Technology

Artificial Intelligence uses Tumor Genetics to Predict Therapy Response

Artificial Intelligence uses Tumor Genetics to Predict Therapy Response

Cancer resists therapy in a variety of ways, but a new algorithm has been devised that can decode all of them simultaneously. In a new study published in Cancer Discovery, scientists at the University Of California San Diego School Of Medicine used a machine learning algorithm to tackle one of the most difficult tasks for cancer researchers: predicting when cancer would reject chemotherapy.

All cells, including cancer cells, use intricate molecular machinery to reproduce DNA during normal cell division. Most chemotherapies function by inhibiting the DNA replication machinery in rapidly dividing tumor cells. While scientists realize that a tumor’s genetic composition has a significant impact on its specific therapeutic response, the huge number of mutations detected within tumors has made predicting drug resistance difficult.

The new method overcomes this hurdle by investigating how many genetic alterations affect a tumor’s response to medications that inhibit DNA replication. They specifically tested their model on cervical cancer tumors and were successful in projecting responses to cisplatin, one of the most commonly used chemotherapy medications. The model was able to identify cancers with the highest probability of treatment resistance, as well as much of the underlying molecular machinery that drives treatment resistance.

Cancer is a network-based disease driven by many interconnected components, but previous machine-learning models for predicting treatment resistance don’t always reflect this. Rather than focusing on a single gene or protein, our model evaluates the broader biochemical networks vital for cancer survival.

Trey Ideker

“Clinicians were previously aware of a few individual mutations that are associated with treatment resistance, but these isolated mutations tended to lack significant predictive value.
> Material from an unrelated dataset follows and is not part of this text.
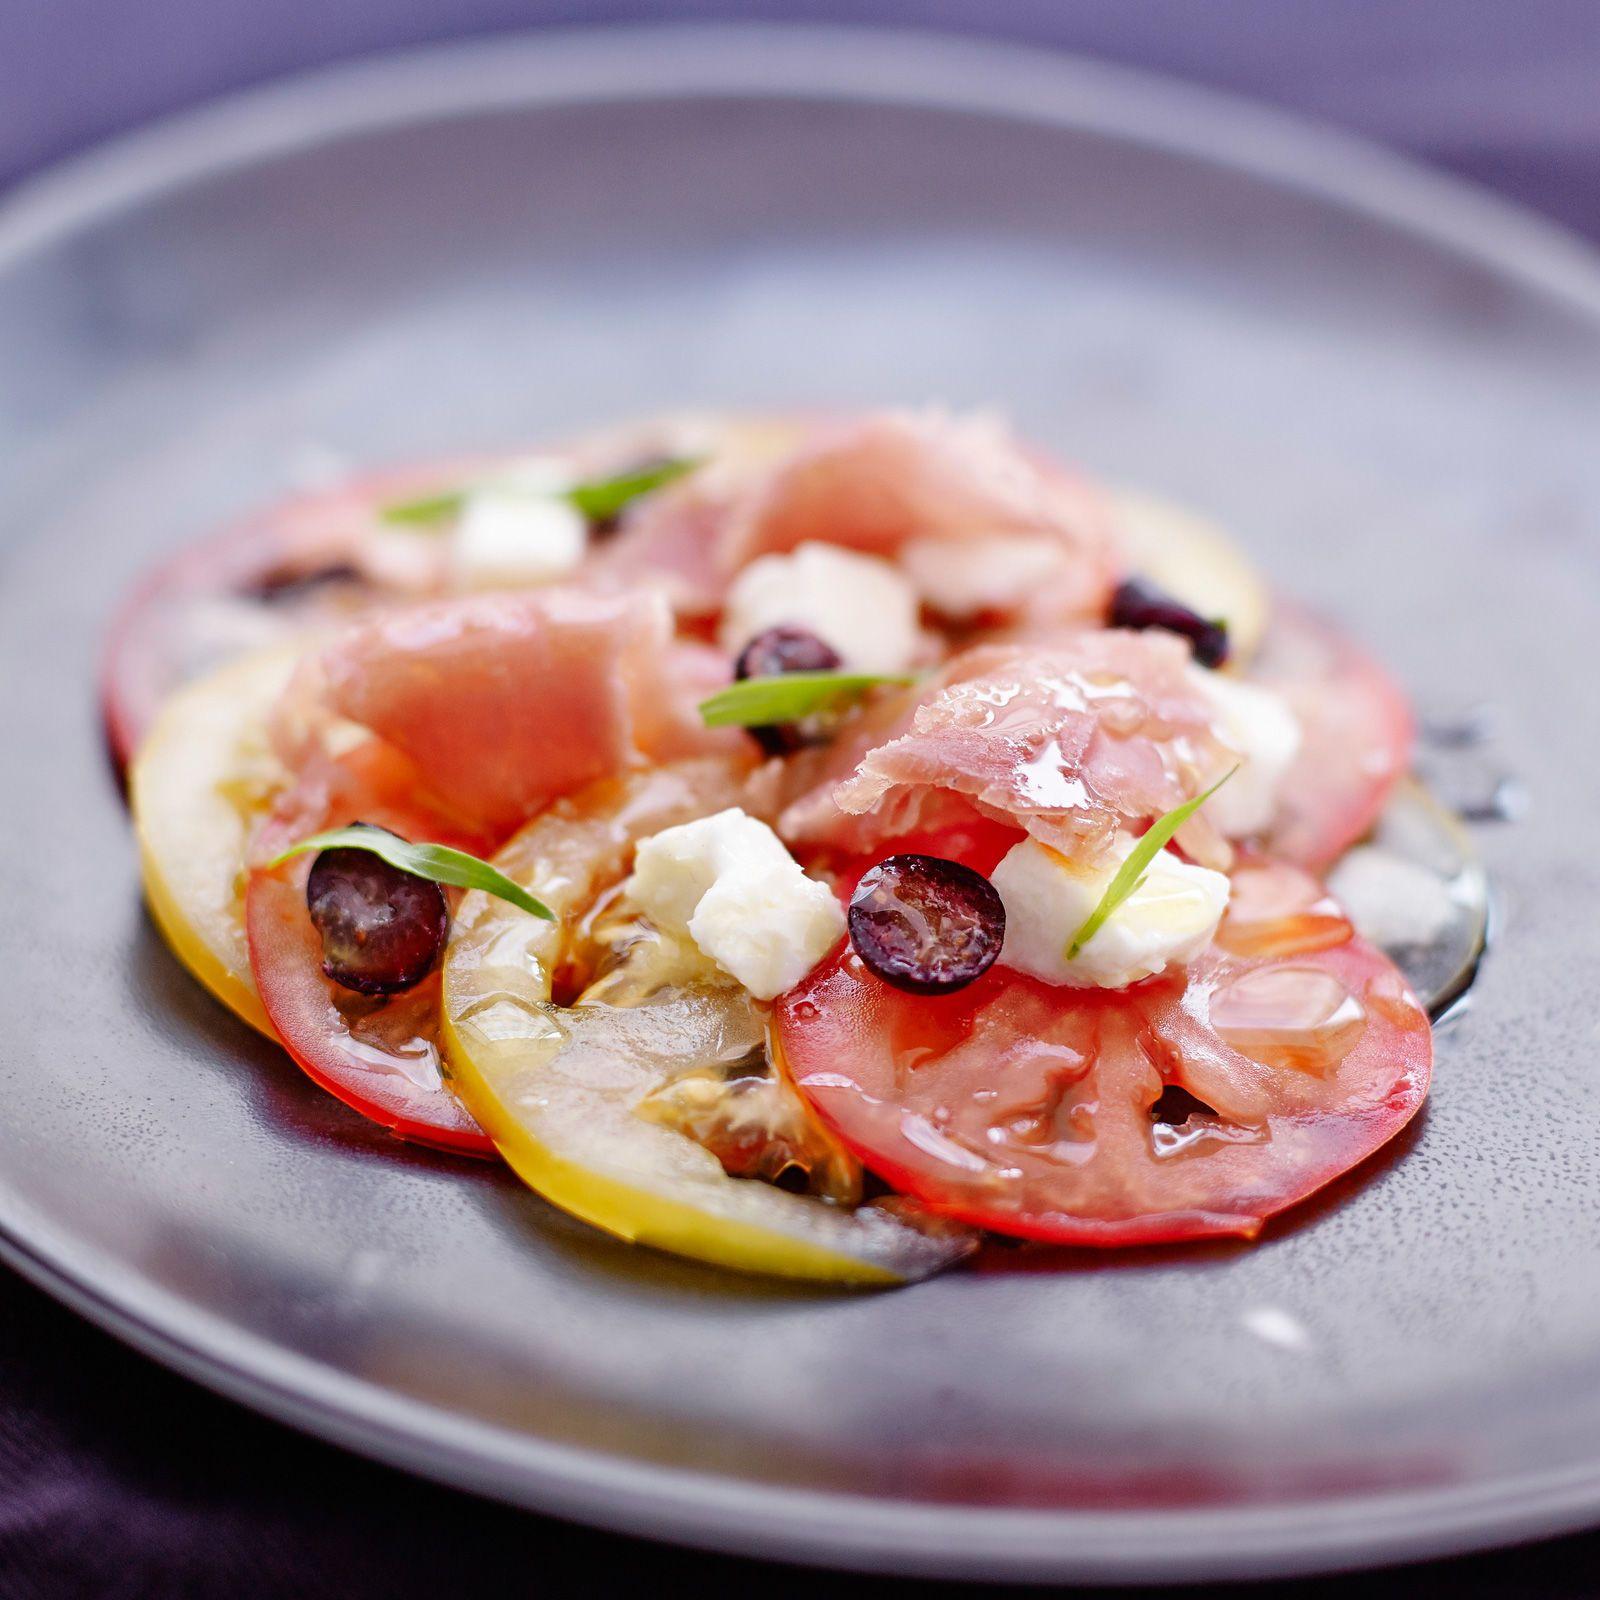 Carpaccio de tomates, facile et pas cher

The reason is that a much larger number of mutations can shape a tumor’s treatment response than previously appreciated,” Trey Ideker, PhD, professor in the Department of Medicine at UC San Diego Medicine, explained. “Artificial intelligence bridges that gap in our understanding, enabling us to analyze a complex array of thousands of mutations at once.”

One of the challenges in understanding how tumors respond to drugs is the inherent complexity of DNA replication — a mechanism targeted by numerous cancer drugs.

“Hundreds of proteins work together in complex arrangements to replicate DNA,” Ideker noted. “Mutations in any one part of this system can change how the entire tumor responds to chemotherapy.”

AI harnesses tumor genetics to predict treatment response

The researchers concentrated on the standard set of 718 genes typically used in clinical genetic testing for cancer classification, and used mutations within these genes as the starting point for their machine-learning model. After training using publicly available medication response data, the model identified 41 molecular assemblies (groups of collaborating proteins) where genetic changes affect therapeutic efficacy.

“Cancer is a network-based disease driven by many interconnected components, but previous machine learning models for predicting treatment resistance don’t always reflect this,” Ideker stated in a press release. “Rather than focusing on a single gene or protein, our model evaluates the broader biochemical networks vital for cancer survival.”

After training their model, the researchers put it to the test in cervical cancer, in which roughly 35% of tumors persist after treatment. The model was able to accurately identify tumors that were susceptible to therapy, which were associated with improved patient outcomes. The model also effectively pinpointed tumors likely to resist treatment.

In addition to anticipating treatment responses, the model offered light on its decision-making process by identifying the protein assemblies that drive treatment resistance in cervical cancer. The researchers underline that this component of the model—the ability to interpret its reasoning—is critical to the model’s success as well as the development of trustworthy AI systems.

“Unraveling an AI model’s decision-making process is crucial, sometimes as important as the prediction itself,” Ideker said in a statement. “Our model’s transparency is one of its assets, first because it instills trust in the model, and second because each of the molecular assemblies we’ve uncovered could be a new target for chemotherapy. We believe that our model will have widespread uses, not just in improving existing cancer treatments but also in pioneering new ones.”